*The task:* Output exactly the lines of the listing below that run from the line with "Dakota Johnson at" through the line with "Profielbanner van Noman Butt". No pictures.

*Exercise input:*
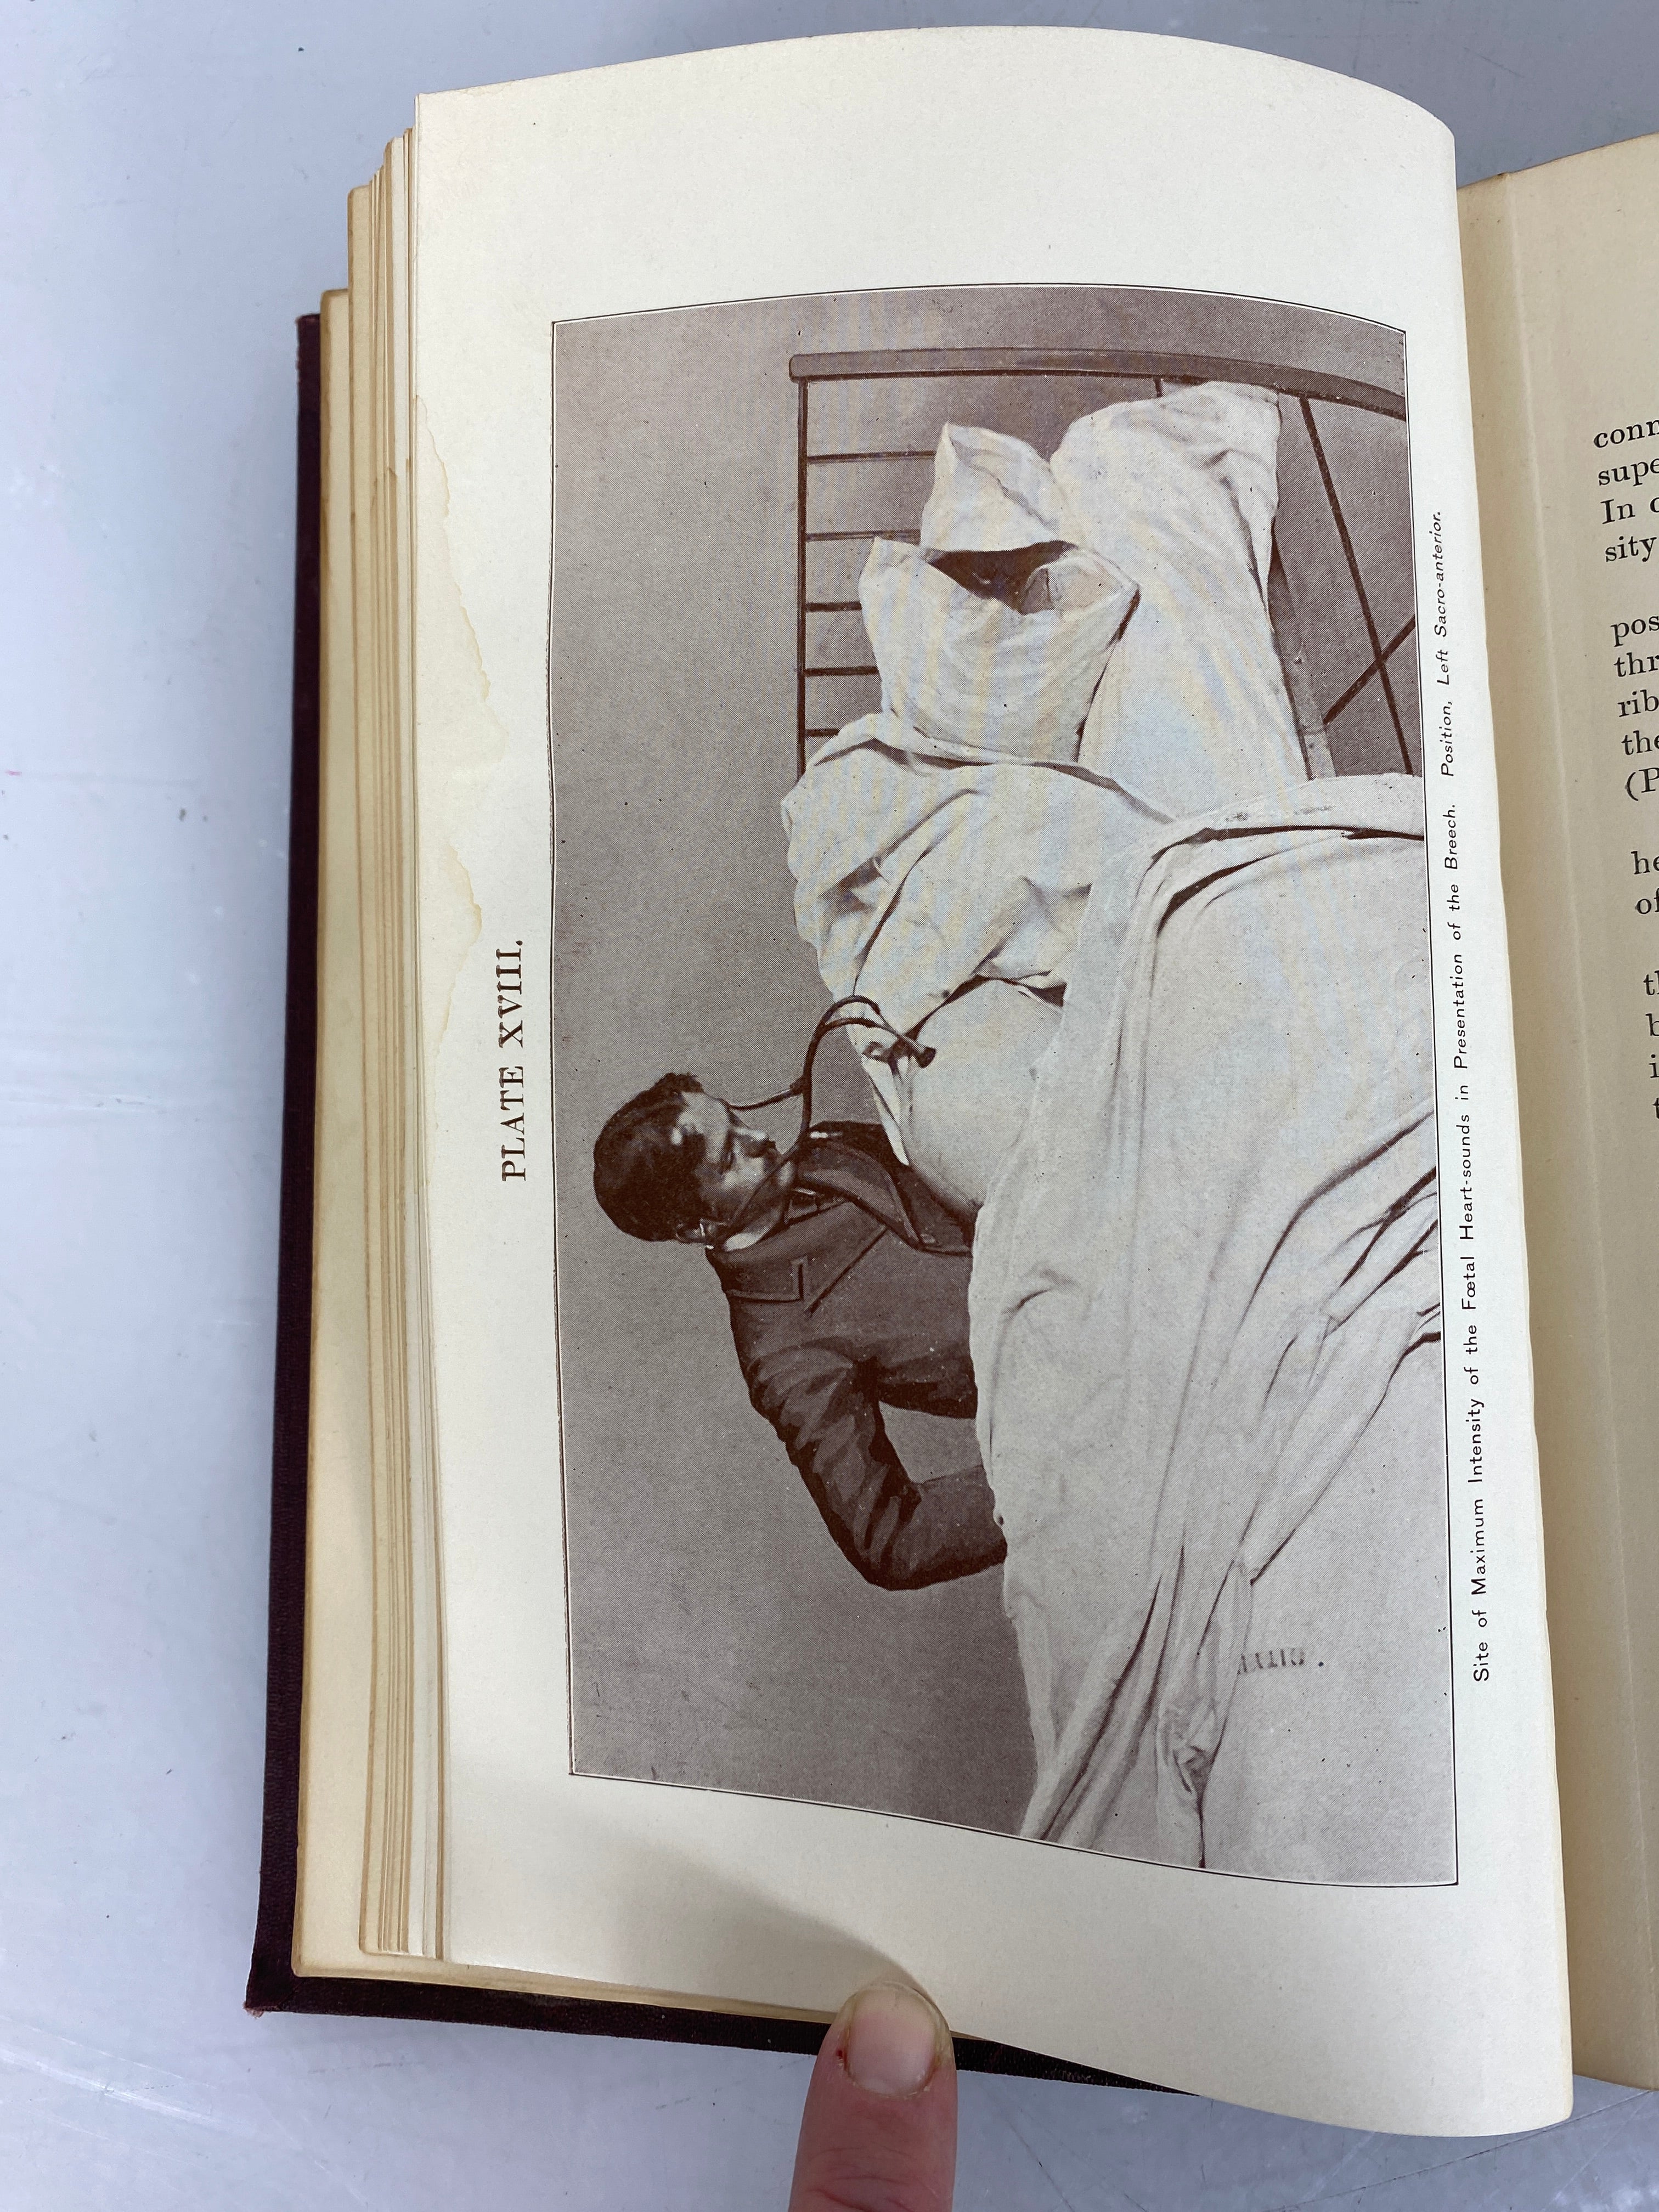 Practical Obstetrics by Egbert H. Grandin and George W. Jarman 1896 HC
* * *
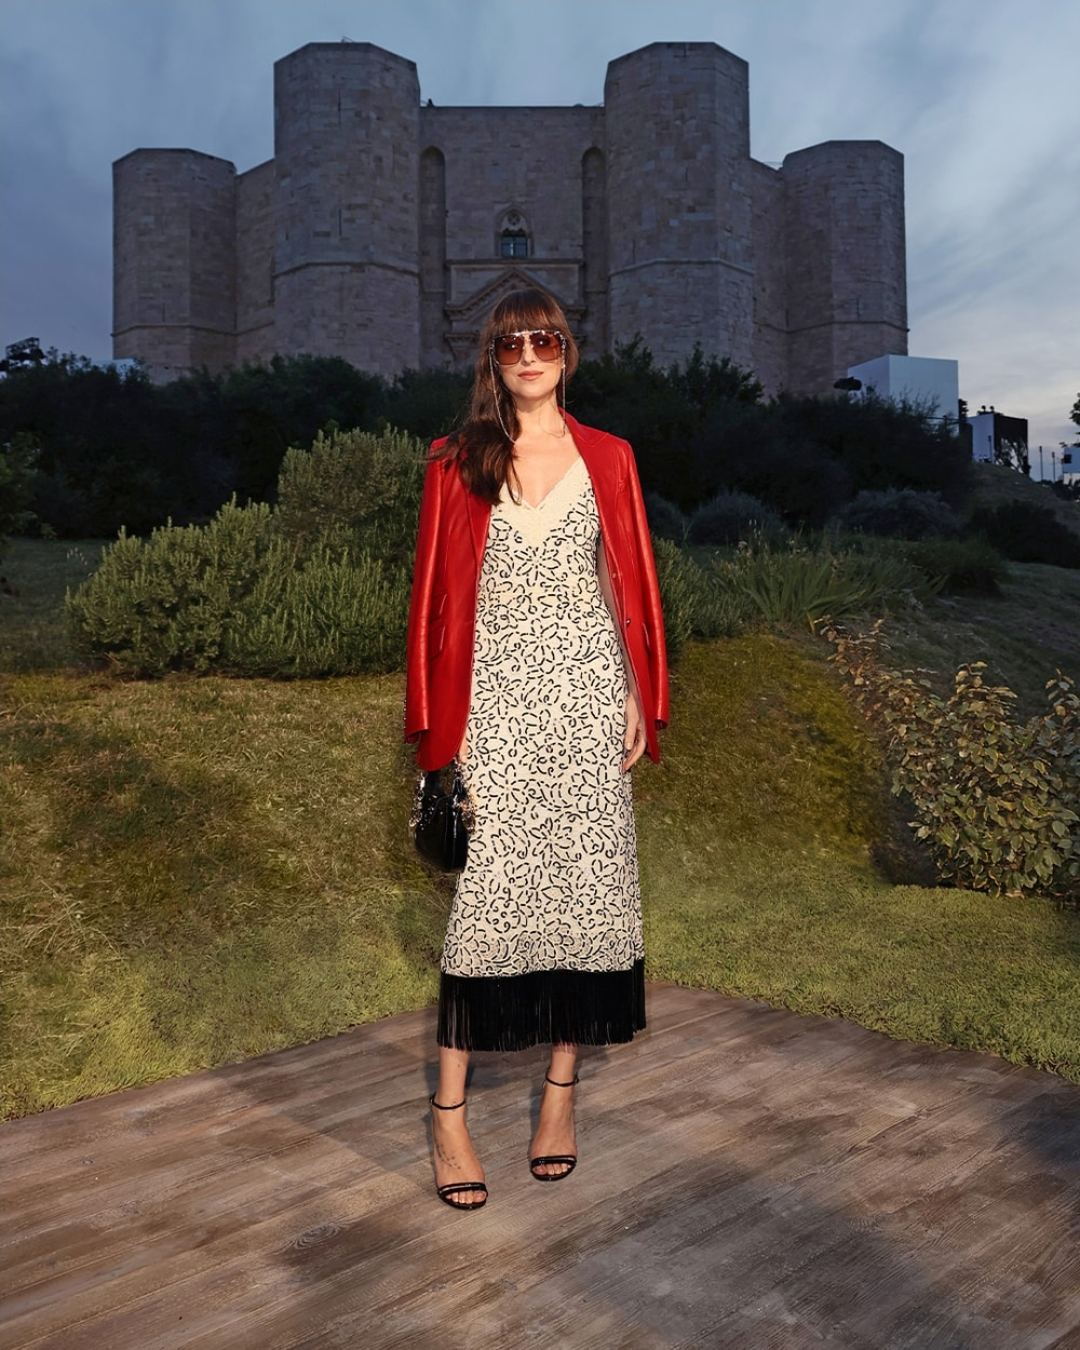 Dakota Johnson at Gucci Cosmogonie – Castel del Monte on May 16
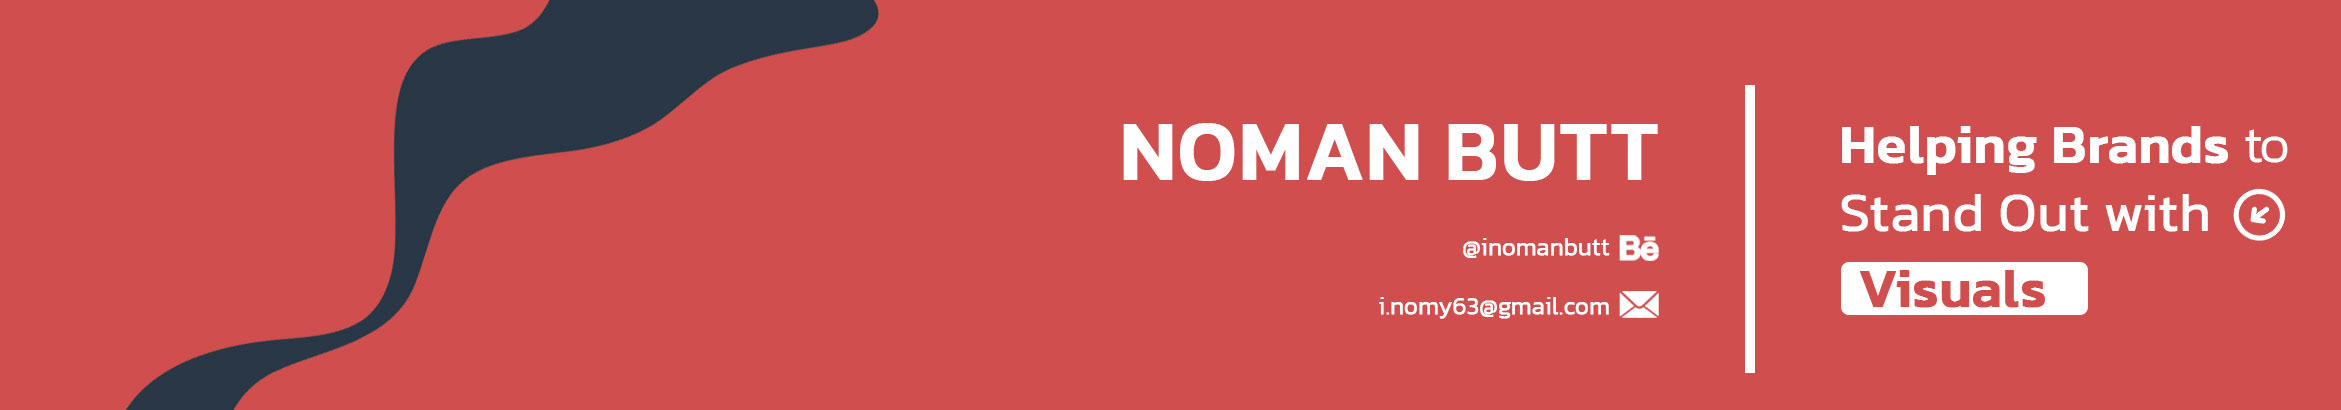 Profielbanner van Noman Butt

*Task result:*
 Dakota Johnson at Gucci Cosmogonie – Castel del Monte on May 16
 Profielbanner van Noman Butt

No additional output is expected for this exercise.